Ford’s MyKey Demonstrates Customer Insight

Ford has a new technology called MyKey which is a safety device aimed at teenage drivers. When the car is turned on by a specific MyKey (give to a teenage driver), the car behaves differently. It will debut as standard equipment on the 2010 Ford Focus coupe and will works its way into other Ford, Lincoln and Mercury vehicles. Here are some of the features of MyKey:

  • limit top speed of vehicle to 80 miles per hour
  • sound a chime whenever the vehicle travels above 45, 55 or 65 miles per hour
  • cap the volume on the car stereo
  • mute the radio and chime repeatedly until the driver is buckled up
  • light up low-fuel warning earlier than normal

My take: I’m not sure if this particular feature will sell more cars, especially given the economy, but it represents an excellent example of the first principle of Experience-Based Differentiation: “Obsess about customer needs, not product features.”

What’s so good about MyKey?
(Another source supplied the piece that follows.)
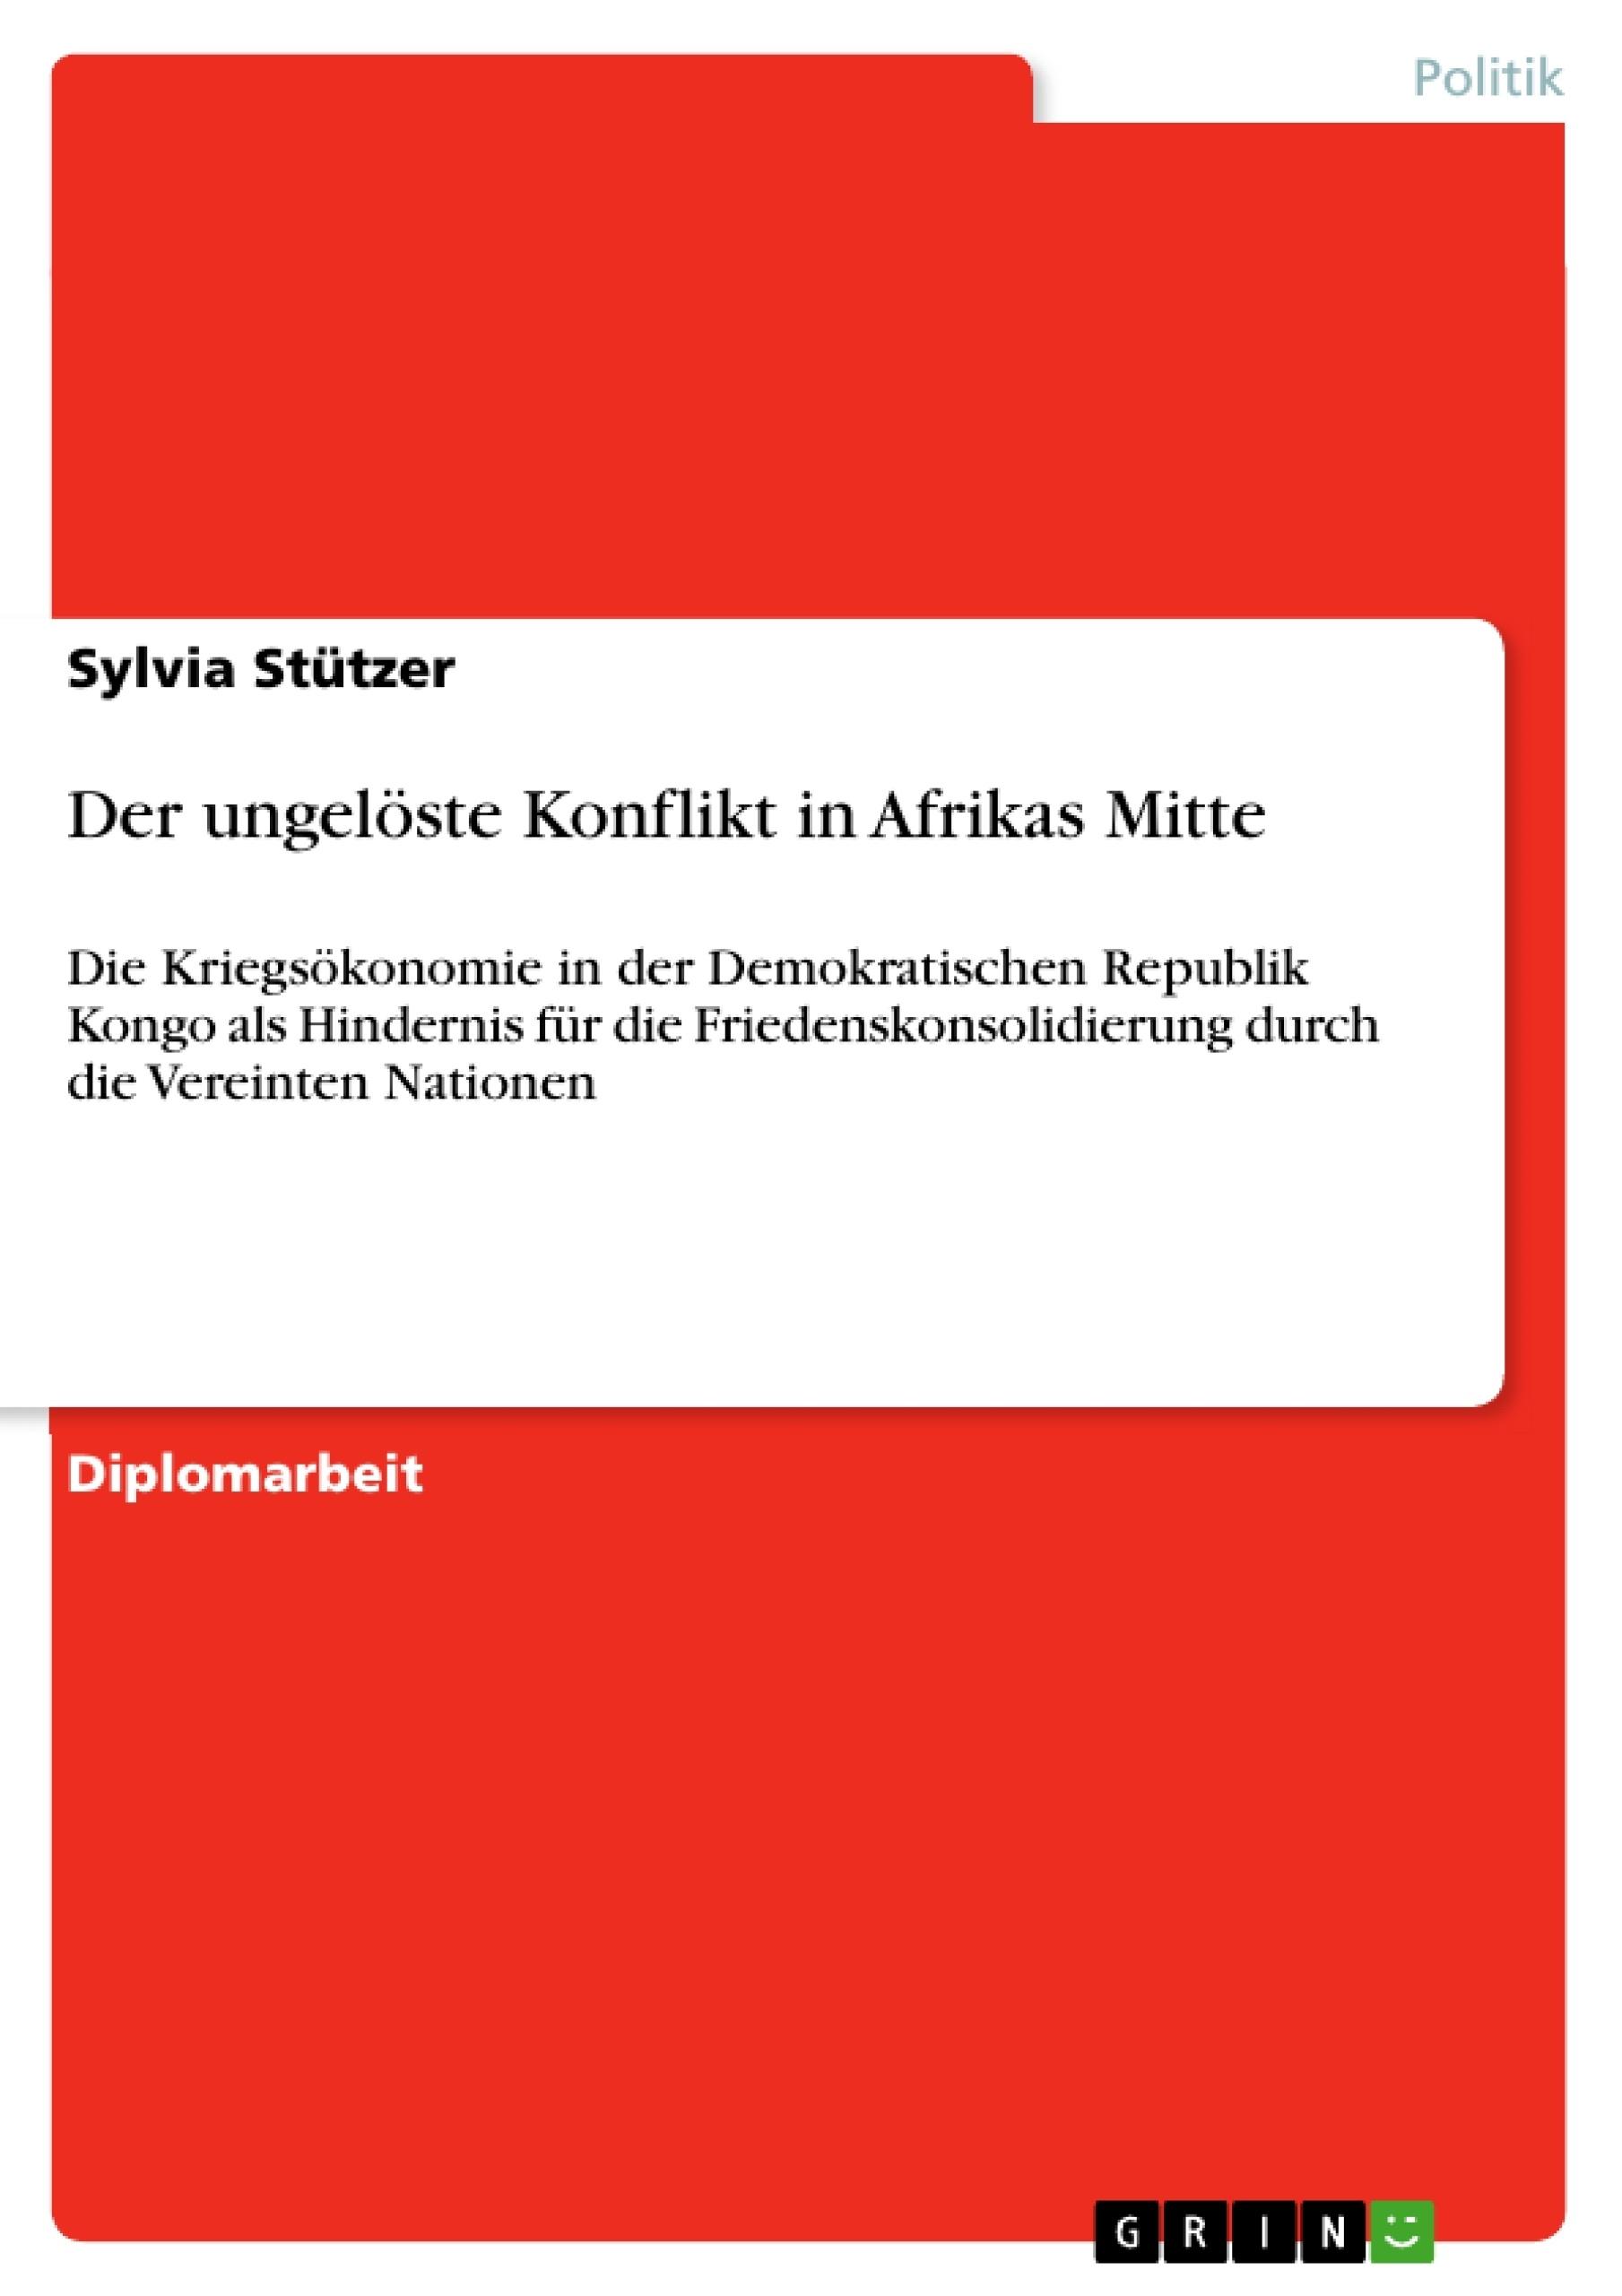 Titel: Der ungelöste Konflikt in Afrikas Mitte

Ford thought about the needs of a specific segment of customers (parents of teenagers) — beyond the usual automotive features like style, speed, price, and fuel economy. By looking at a more comprehensive set of needs, the car maker was able to identify novel features that appeal to that segment.

The bottom line: Digital features require durable manufacturers to know more about customers.

Written by 

I am an experience management transformist, helping organizations improve business results by engaging the hearts and minds of their customers, employees, and partners. My "job" is Head of the Qualtrics XM Institute. The Institute is still being established, but our goal is to help organizations around the world thrive by mastering Experience Management (XM). As part of this focus, I examine strategy, culture, interaction design, customer service, branding and leadership practices. And, as many people know, I love to speak about these topics in almost any forum. Prior to joining Qualtrics, I was managing partner of Temkin Group (leading CX research, advisory, and training firm), co-founder and chair of the Customer Experience Professionals Association (, and a VP at Forrester Research. I'm a fanatical student of business, so this blog provides an outlet for sharing insights from my ongoing educational journey. Check out my LinkedIn profile:

3 thoughts on “Ford’s MyKey Demonstrates Customer Insight”
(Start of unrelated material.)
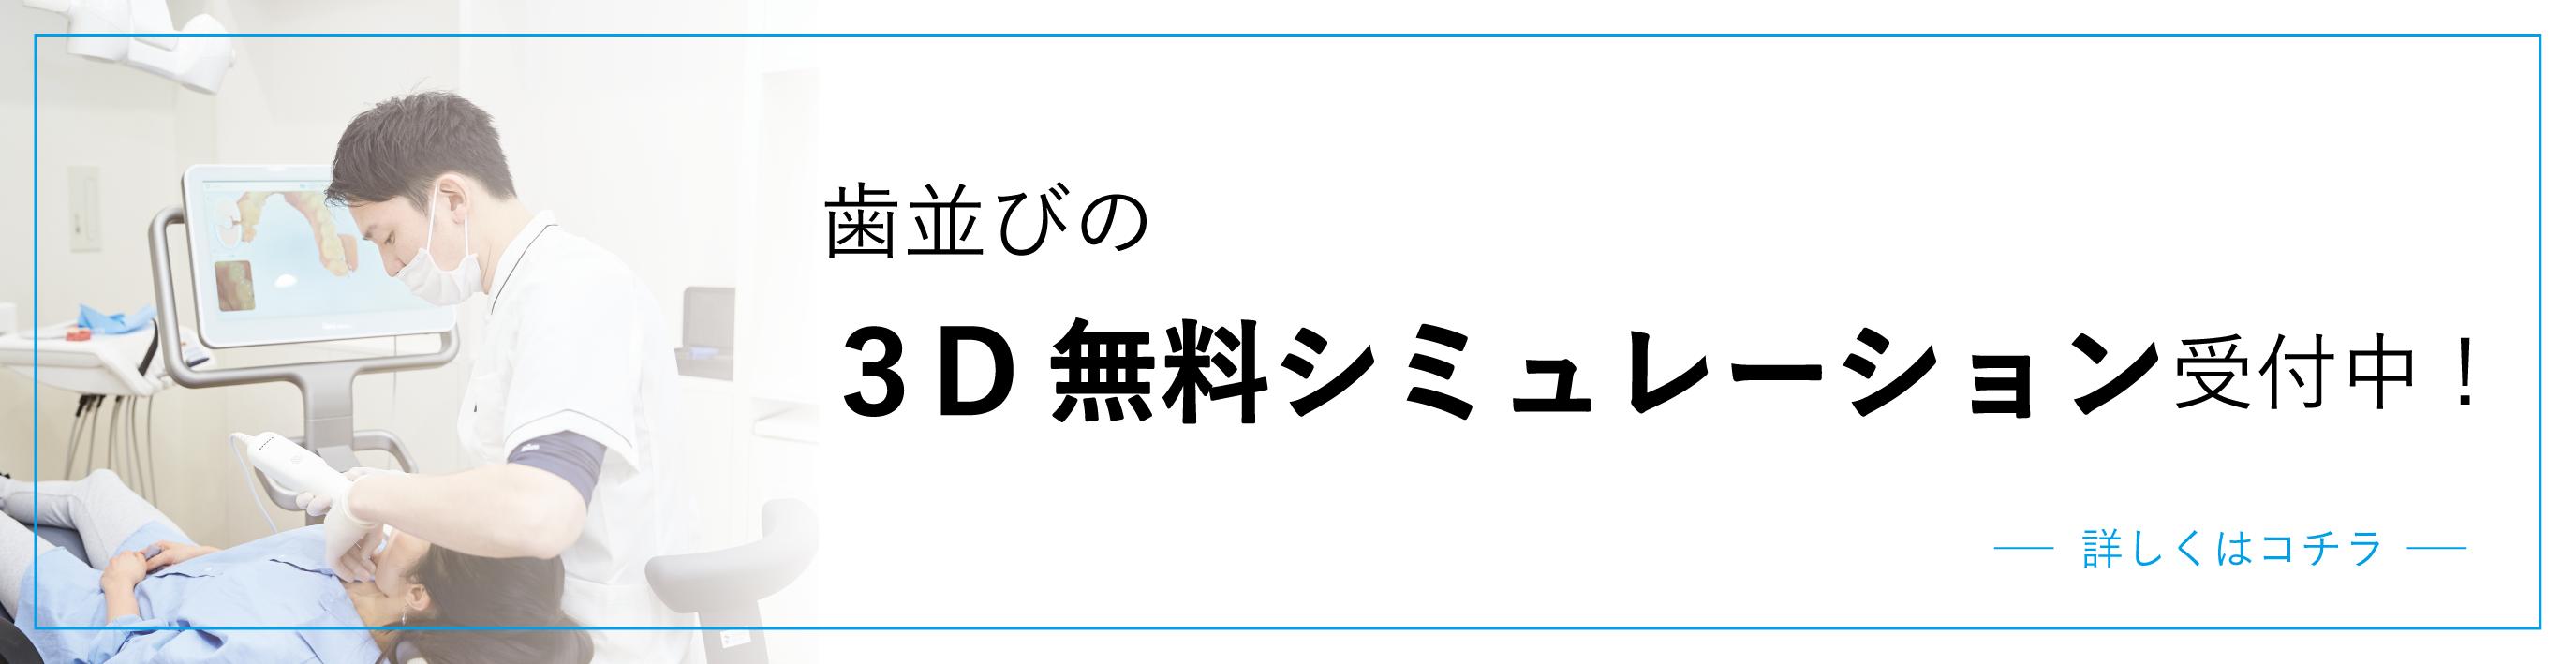 歯並びの3Dシミュレーション受付中!

  1. hmm… that’s like saying all teens drive like maniacs, and putting a restriction like that will only make them “rebel” when they get a car they can go fast in and blare the radio in and not wear their seatbelt in… It’s like giving them a restriction, and then they go “oh boy! no more restriction” when they get a car without the MyKey. The kids will hate it. Is it safer? Possibly. But in the end when they don’t have a MyKey… then is it safer?
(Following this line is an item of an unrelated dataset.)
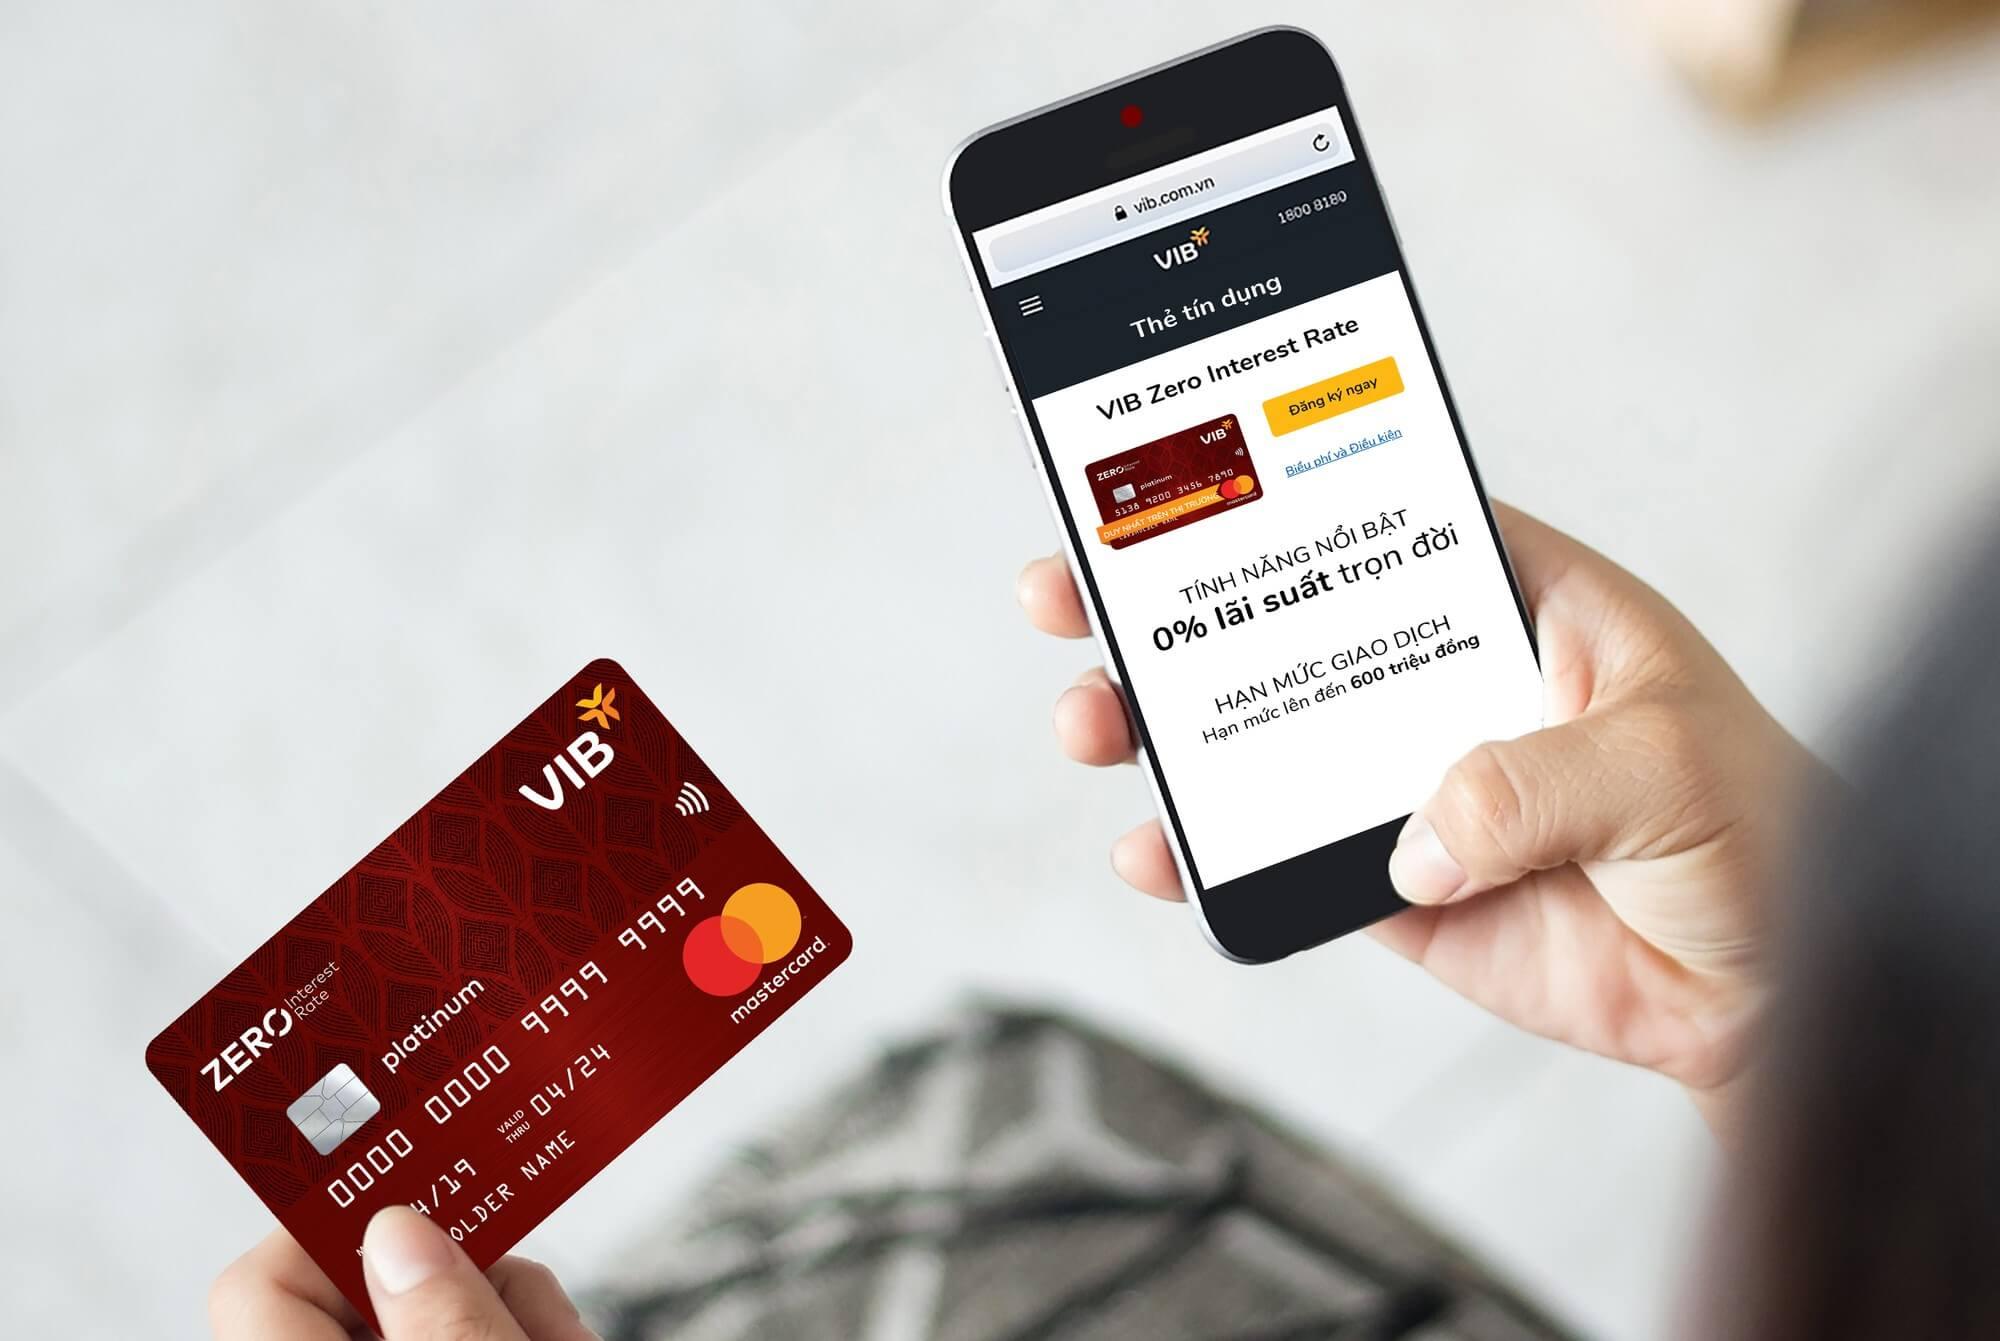 Hưởng lãi 0% với thẻ tín dụng VIB online

    Then again, some teens will get into the habit of having it and forget that other cars don’t have that system, and they will be fine, but 7 out of 10 will probably get overexcited.

  2. Hidingalone: I agree with your concerns. I liked the concept (looking at needs of a segment of customers and developing solutions from beyond the normal product features), but am not sure about the specific features. Thanks for your comment!

  3. OK. So I’ll let my kid drive like a maniac today because he might do it tomorrow in someone else’s car. Where’s the logic? Take care of your kid today. The system is not requiring a kid to drive 25 in a 50. And annoying the crap out of them to buckle up is common sense. If there is one thing I want my kid to do when he or she (I have both) gets behind the wheel its buckle up. Sign me up for MyKey!